From the entries below, copy exactly the lines from the one that contains "大型展览馆全套弱电施工设计cad施工图" through the one that contains "Zdjęcie przedstawia wicepremiera, szefa", both included, and only those.

*** Opening INFORMATION ***

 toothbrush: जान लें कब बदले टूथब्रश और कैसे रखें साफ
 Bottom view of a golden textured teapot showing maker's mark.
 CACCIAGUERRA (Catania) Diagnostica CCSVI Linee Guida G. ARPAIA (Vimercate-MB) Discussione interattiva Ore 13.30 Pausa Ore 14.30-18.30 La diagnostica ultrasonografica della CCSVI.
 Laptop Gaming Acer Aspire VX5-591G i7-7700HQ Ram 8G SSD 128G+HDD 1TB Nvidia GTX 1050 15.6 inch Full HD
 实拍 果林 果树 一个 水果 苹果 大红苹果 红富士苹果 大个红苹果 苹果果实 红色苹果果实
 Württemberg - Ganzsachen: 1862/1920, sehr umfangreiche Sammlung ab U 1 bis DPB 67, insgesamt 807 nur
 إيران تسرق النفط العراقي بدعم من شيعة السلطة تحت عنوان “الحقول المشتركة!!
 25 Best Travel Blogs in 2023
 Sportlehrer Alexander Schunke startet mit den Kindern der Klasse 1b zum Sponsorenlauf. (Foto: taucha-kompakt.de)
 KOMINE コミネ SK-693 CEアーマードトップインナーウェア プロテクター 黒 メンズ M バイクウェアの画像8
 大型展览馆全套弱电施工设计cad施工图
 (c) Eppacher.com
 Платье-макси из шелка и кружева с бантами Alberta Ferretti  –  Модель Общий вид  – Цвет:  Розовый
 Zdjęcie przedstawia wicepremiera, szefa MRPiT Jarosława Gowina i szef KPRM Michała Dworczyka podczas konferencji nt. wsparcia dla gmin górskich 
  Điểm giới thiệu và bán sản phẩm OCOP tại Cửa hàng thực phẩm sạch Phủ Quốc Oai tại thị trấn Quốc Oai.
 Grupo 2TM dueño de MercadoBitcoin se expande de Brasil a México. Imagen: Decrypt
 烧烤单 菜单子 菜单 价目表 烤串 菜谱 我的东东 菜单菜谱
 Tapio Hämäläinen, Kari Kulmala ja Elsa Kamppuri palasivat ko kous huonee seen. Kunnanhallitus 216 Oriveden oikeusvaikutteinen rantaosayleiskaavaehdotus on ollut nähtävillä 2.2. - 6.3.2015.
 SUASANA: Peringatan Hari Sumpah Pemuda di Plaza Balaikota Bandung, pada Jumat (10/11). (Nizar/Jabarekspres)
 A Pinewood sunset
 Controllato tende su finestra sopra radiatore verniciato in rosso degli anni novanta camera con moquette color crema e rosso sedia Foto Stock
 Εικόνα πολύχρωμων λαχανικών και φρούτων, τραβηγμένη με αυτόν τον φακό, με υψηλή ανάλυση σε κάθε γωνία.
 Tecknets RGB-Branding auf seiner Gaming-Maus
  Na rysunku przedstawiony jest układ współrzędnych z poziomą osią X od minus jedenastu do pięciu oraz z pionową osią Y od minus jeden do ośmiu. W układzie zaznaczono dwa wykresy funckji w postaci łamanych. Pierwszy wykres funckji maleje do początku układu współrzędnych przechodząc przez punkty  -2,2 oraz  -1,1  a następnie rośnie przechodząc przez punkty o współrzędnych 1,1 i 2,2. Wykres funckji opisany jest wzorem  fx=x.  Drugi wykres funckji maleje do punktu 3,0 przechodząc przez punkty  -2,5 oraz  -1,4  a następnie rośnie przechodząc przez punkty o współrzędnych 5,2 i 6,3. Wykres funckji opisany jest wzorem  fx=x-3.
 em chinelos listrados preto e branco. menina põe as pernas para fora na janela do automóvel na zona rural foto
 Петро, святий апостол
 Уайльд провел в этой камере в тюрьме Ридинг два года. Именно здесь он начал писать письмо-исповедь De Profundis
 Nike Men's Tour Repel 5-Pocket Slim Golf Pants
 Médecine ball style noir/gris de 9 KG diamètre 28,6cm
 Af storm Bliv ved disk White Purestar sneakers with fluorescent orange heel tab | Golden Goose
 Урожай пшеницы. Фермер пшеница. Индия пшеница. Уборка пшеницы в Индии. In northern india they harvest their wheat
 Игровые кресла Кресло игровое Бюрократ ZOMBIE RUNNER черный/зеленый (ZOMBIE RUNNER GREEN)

*** Closing INFORMATION ***

* **WRITTEN ANSWER**
 大型展览馆全套弱电施工设计cad施工图
 (c) Eppacher.com
 Платье-макси из шелка и кружева с бантами Alberta Ferretti  –  Модель Общий вид  – Цвет:  Розовый
 Zdjęcie przedstawia wicepremiera, szefa MRPiT Jarosława Gowina i szef KPRM Michała Dworczyka podczas konferencji nt. wsparcia dla gmin górskich 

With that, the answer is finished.